Allen @ freedomJarFIRE
That’s awesome, congratulations! Since I’m a little late here…has a sense of liberation set in yet? Knowing you have that *out* must feel empowering.
Sorry I didn’t see this in time to vote for you in the Plutus awards thing, I very much enjoy your blog!
Mrs. RichFrugalLife
Thank you, Allen. Always appreciate your comments and kind support! 🙂
To answer your question, yes.

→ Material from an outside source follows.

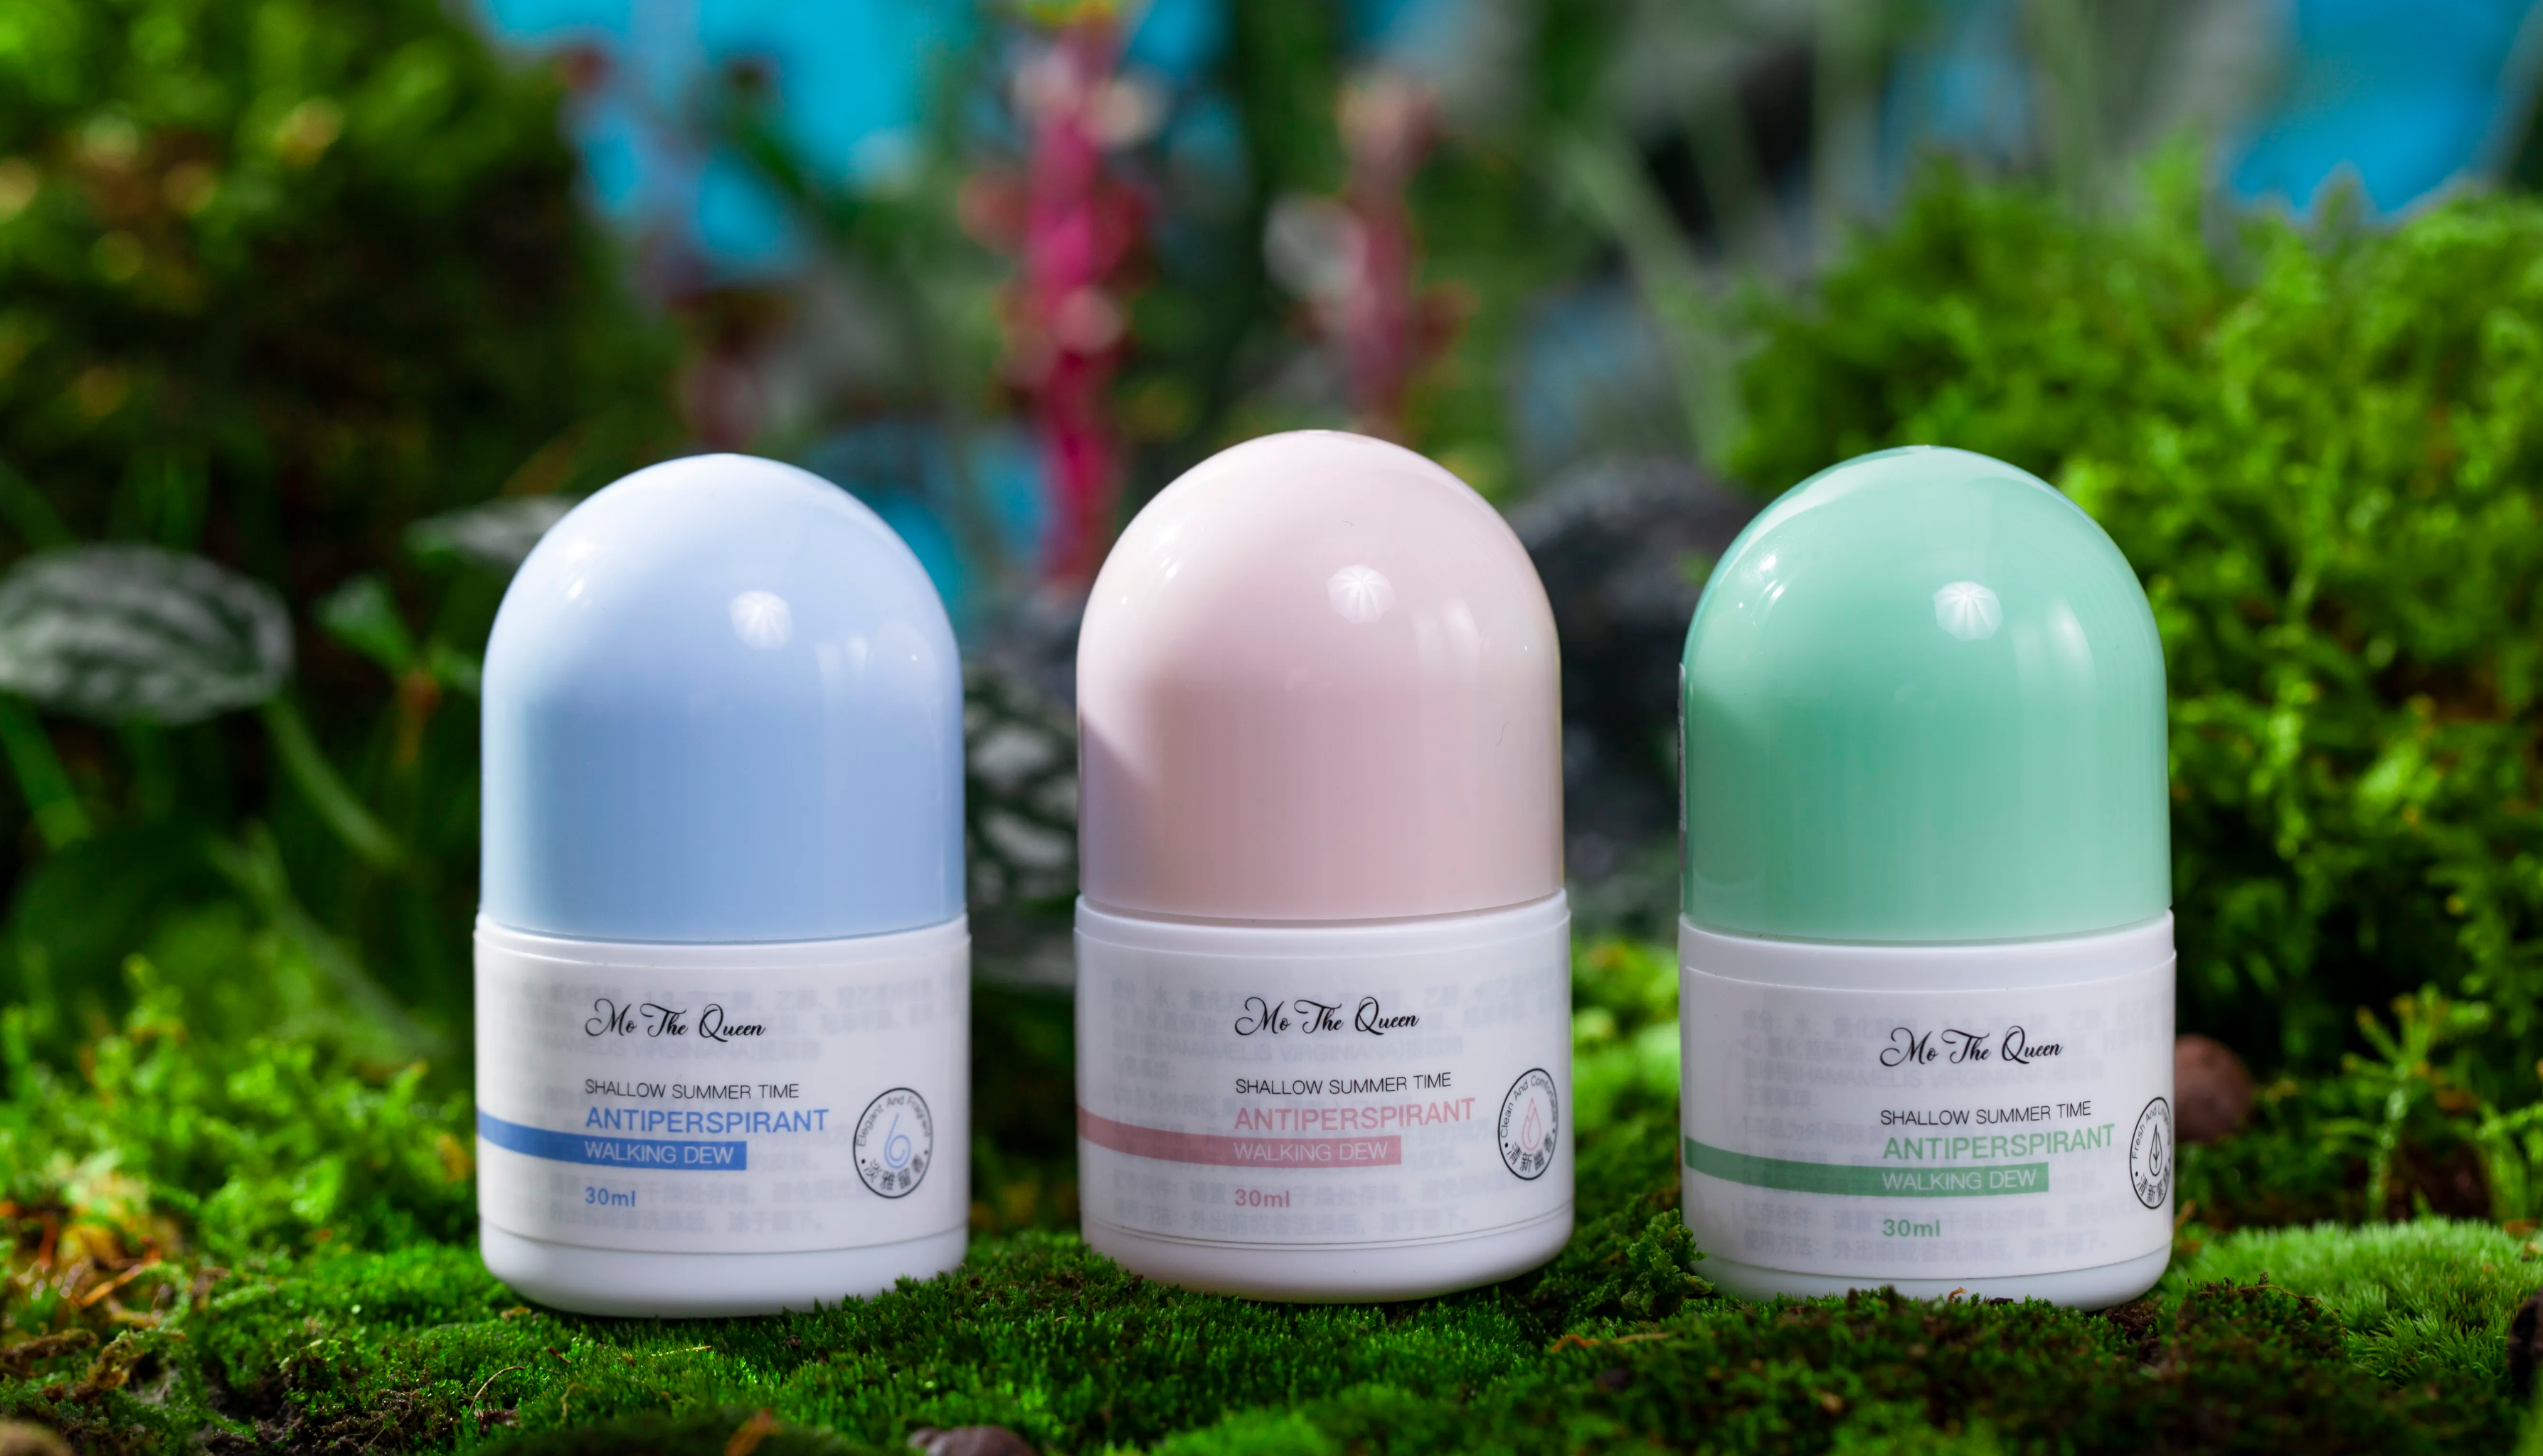 Futuristic Freshness: BEYAQI's Technologically Enhanced Deodorant Packaging

Although reaching Lean FI was fun to celebrate and definitely provides an extra layer of freedom, I’ve been feeling quite liberated for a while now. It’s amazing the sense of freedom and relief that comes with every step of this journey!
The biggest milestone for me was probably seeing how little our savings rate changed after I quit my job and we were living off one income and then realizing that we’d already passed “Coast FI” – which is where you only need to cover your expenses because your investments will grow to your target by traditional retirement age. Since our expenses aren’t very high, that sets the bar pretty low for the amount of income we’d need to bring in and takes the pressure off of saving more… which is a lot of freedom.